Updated: Oct 16, 2020
ETF Edge: Lizzy Gurdus
SEP 26 20209:15 AM EDT –
‘Dumb money’ is fueling one of the biggest lies on Wall Street, researcher says. “Nobody likes to be average.”
That idea is reinforcing “one of the big lies from Wall Street” as retail investors turn to platforms such as Robinhood to try their hands at stock-picking, Larry Swedroe, chief research officer at Buckingham Wealth Partners and co-author of “The Incredible Shrinking Alpha,” told CNBC’s "ETF Edge" on Monday.
The rush of retail traders to the stock market during this year’s volatility has romanticized stock-picking in a potentially dangerous way, said Swedroe, whose latest book is just out in its second edition.“That’s what Wall Street tells you — we could do better than average — which of course is possible to do,” Swedroe said. “But the fact is that’s one of the big lies from Wall Street.”
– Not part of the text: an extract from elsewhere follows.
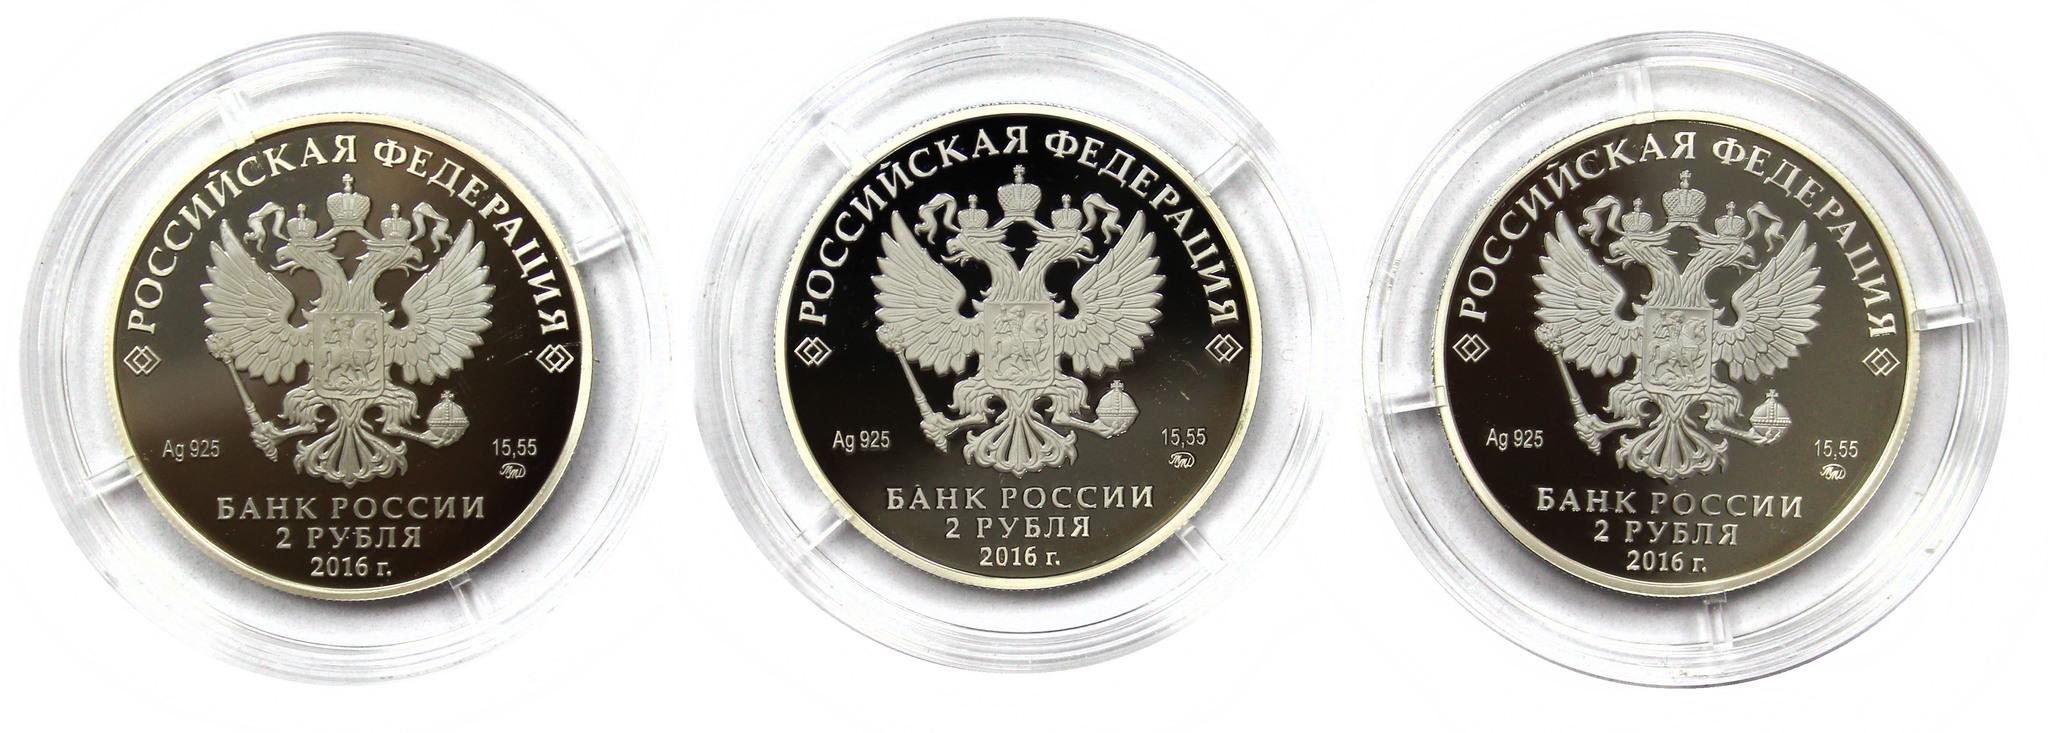 Набор 2 рубля Красная книга (Манул, Красный коршун, Алкиной) 2016 год. Proof

“We know that if you just passively invest in these index funds, you get market returns, which means you outperform or get higher than average returns than the vast majority of active investors,” he said.
Over the long term, that tends to hold true. Most active managers underperform the S&P 500 over the intermediate and long term, with 92% of large-cap funds underperforming the passive index over the last 15 years, according to S&P Dow Jones Indices.